Yes, it’s hard for Europeans to understand that attitude.
I agree with the general drift of your comments, Barbara. Nevertheless I find it hard to believe that a majority of Americans share the sentiments Mitt Romney expressed. His were the unfeeling remarks of a child of privilege who relates best to other privileged people, the kind who can afford to pay $50,000 or more to meet a presidential candidate. His type is not unknown in the Netherlands, by the way, as I’m sure you know. In Baarn, especially among those who lived in the wealthy part of town, there was some reluctance to see the poor as fully human. Whether that was also true in Eemnes when you were young I don’t know. The Eemnes I remember was a farming community without a lot of wealth, whereas Baarn was a bedroom suburb of Amsterdam with a substantial number of people who were rich by any standard.
Most Americans, even though they aren’t poor, are not rich, and they certainly don’t ever rub shoulders with the kind of people Mr. Romney was addressing in Boca Raton. Americans should consider carefully whether he has the moral stature and the empathy with ordinary people that, in my view, a head of state should possess.
By the way, here in the frozen north there is a gleeful sense that Mr. Romney shot himself in both feet with a bazooka, and that this will surely ruin his chances of becoming president. If Canadians were allowed to vote, the president would poll well over 70%. During the 2008 election, a Conservative columnist with the National Post, the leading right-wing daily in Canada, said on TV that of course she wanted Barack Obama to win: “I’m a Conservative but I am a Canadian Conservative, and that puts me to the left of many US Democrats.” She was exaggerating somewhat, but the sense of social responsibility does seems stronger here than in the US. Aside from that, the President’s skin colour is hardly an issue up here.
Hi Michiel, I know most Americans aren’t as rich as Romney, but America does have the highest number of super rich people in the world, and the biggest difference between rich and poor. And with my example of the homeless guy I was pointing out that, even though Romney’s views are unusually unfeeling, a lot of Americans (judging by the number of cars where the windows don’t come down to give some money) rationalize somewhat in the same way.

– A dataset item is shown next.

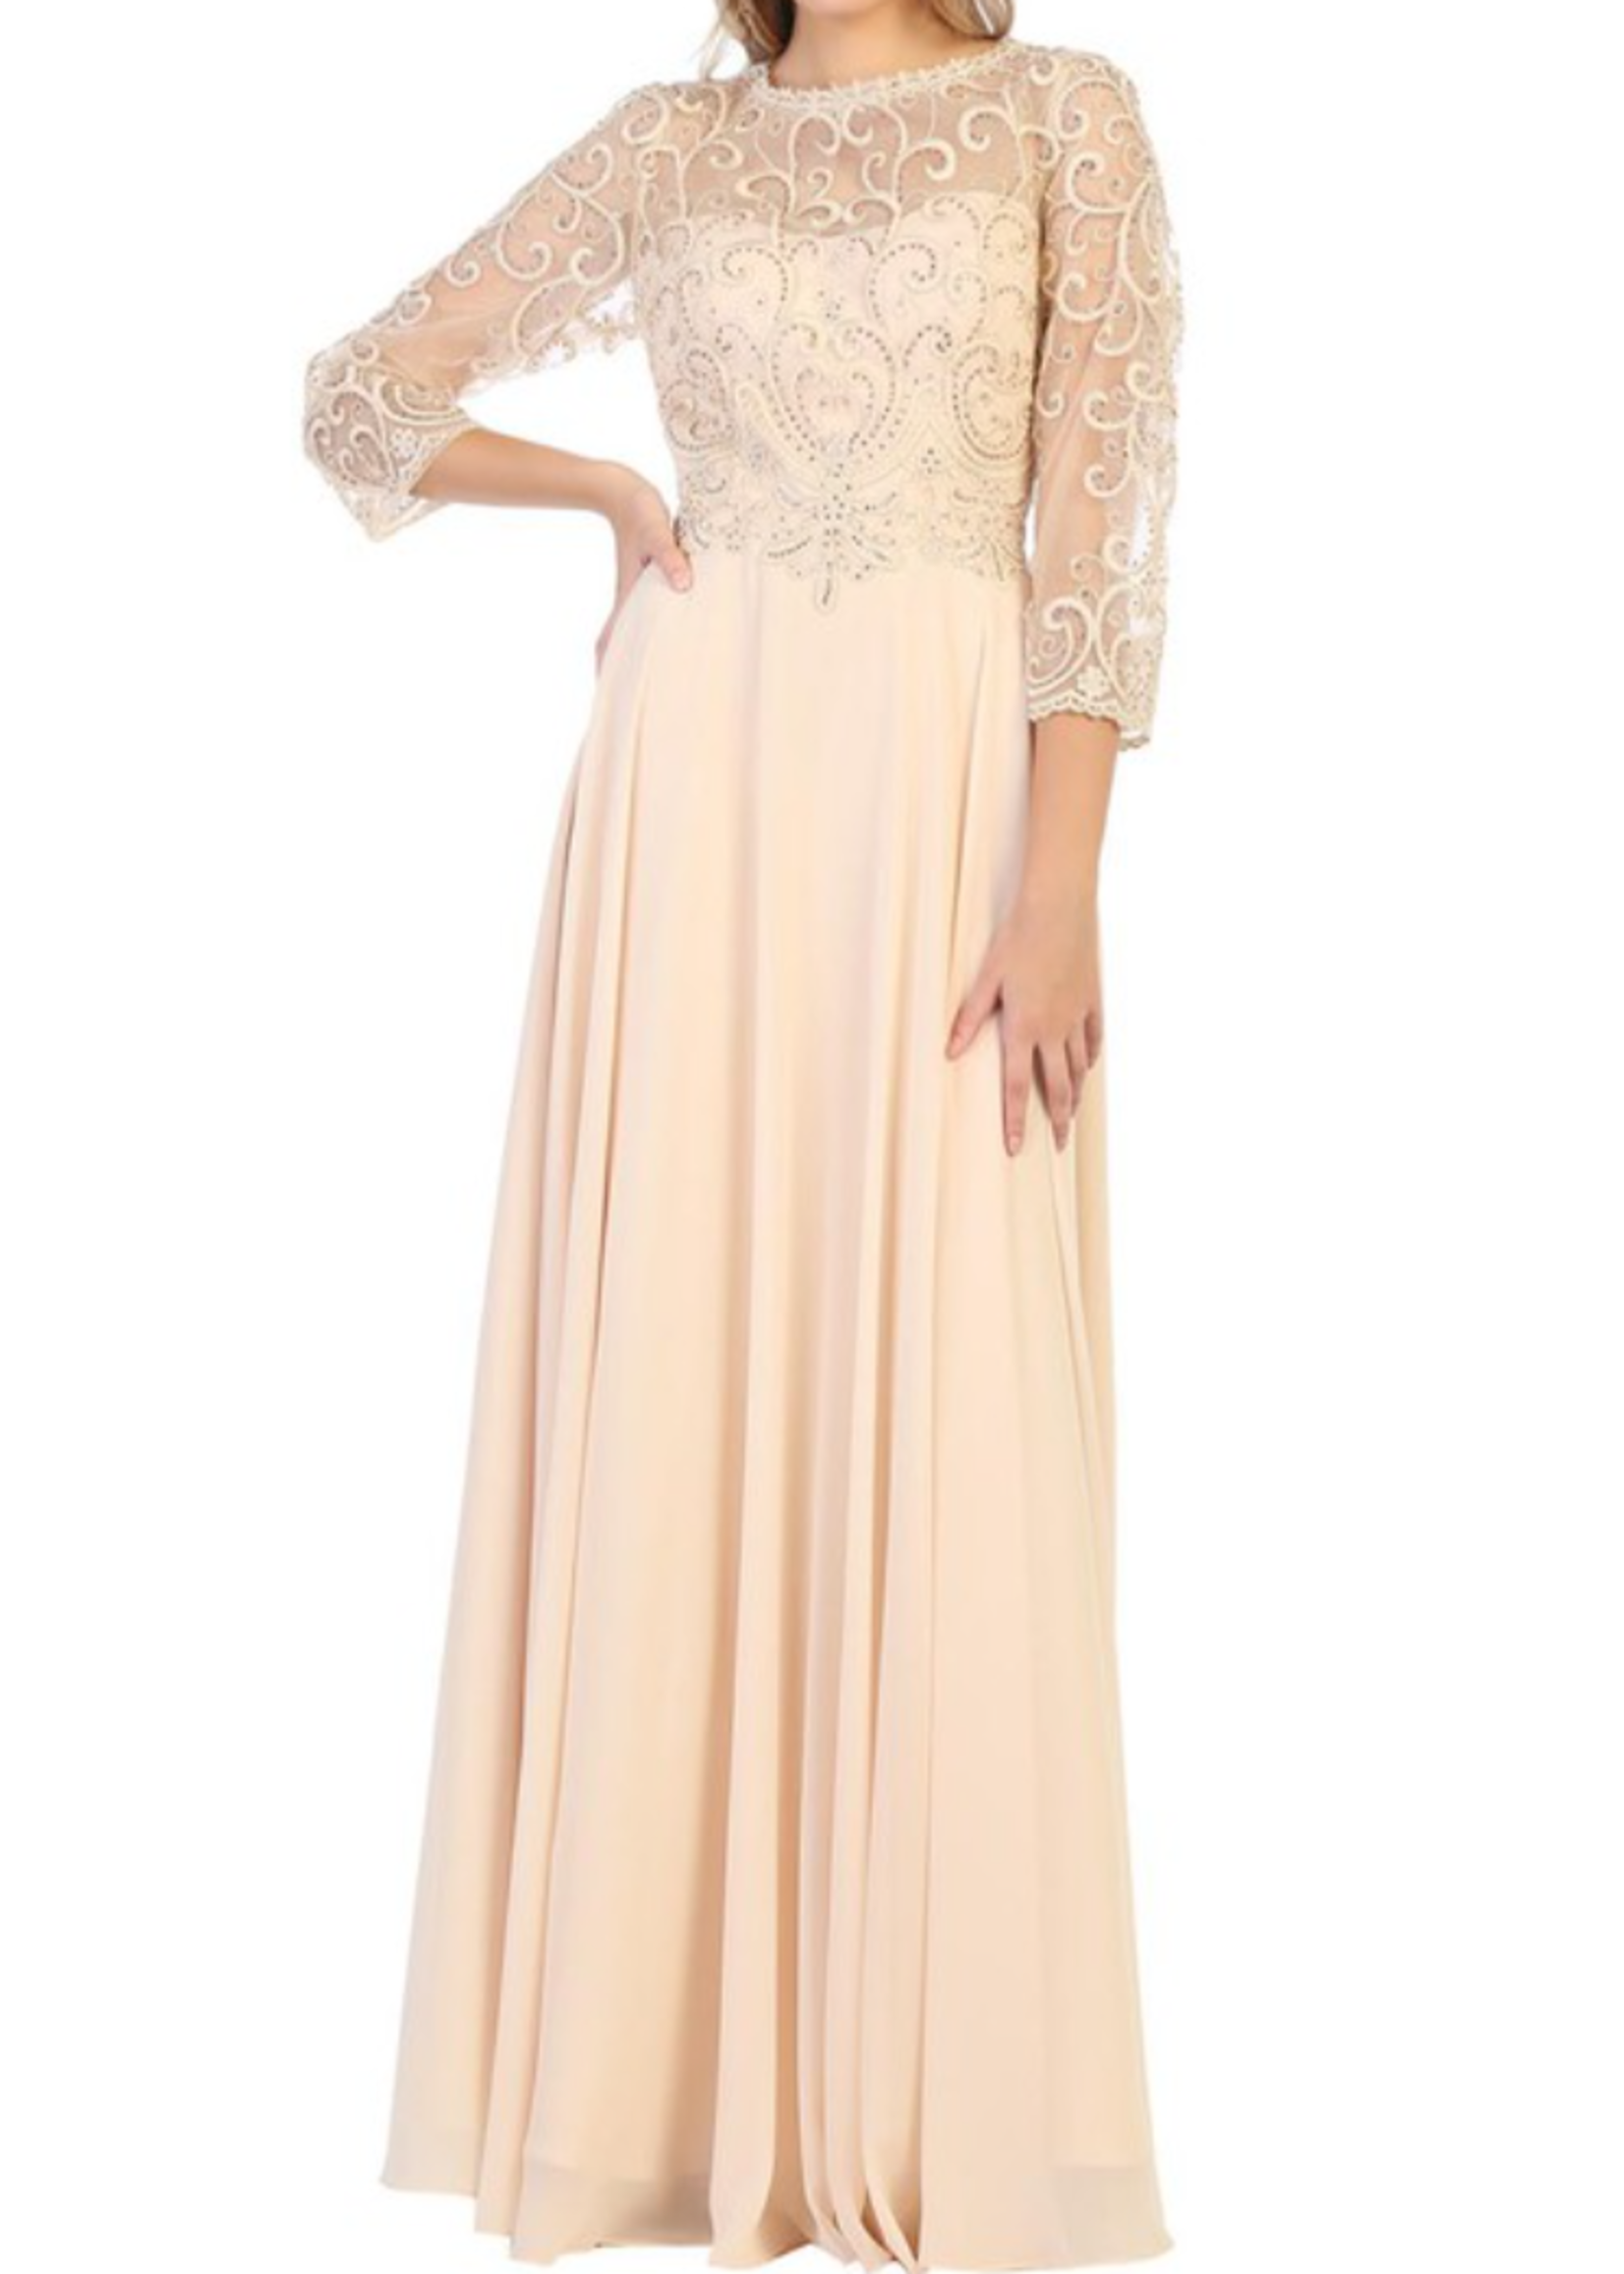 MQMQ1706 - SLEEVED MOB GOWN

I know that Baarn had/has its share of rich people, not to any standards, but to Dutch standards. The same for Het Gooi. But they also paid a lot more in taxes. So as long as they pay a proportionate amount of taxes, they can grumble all they want, and look down on the poor all they want. I don’t care. But in America the super rich pay less taxes, relative to their income, than lower middle-class Americans, and yet they complain the most about the poor mooching off the government. That just gets to me.
I would agree with you that Romney has shot himself in the foot to such a degree that he’ll lose the election, if this happened a week before the elections. But the American media have short memories, and he has a lot of time to wash it all away with more generic talk about “fixing” things. James Carville pointed out that Bush was just as behind in 2000 as Romney was right after that video, but he’s already inching up again.
I’m looking forward to the debates. They should make a difference, too.
Thanks for your thoughtful response, as always, Michiel.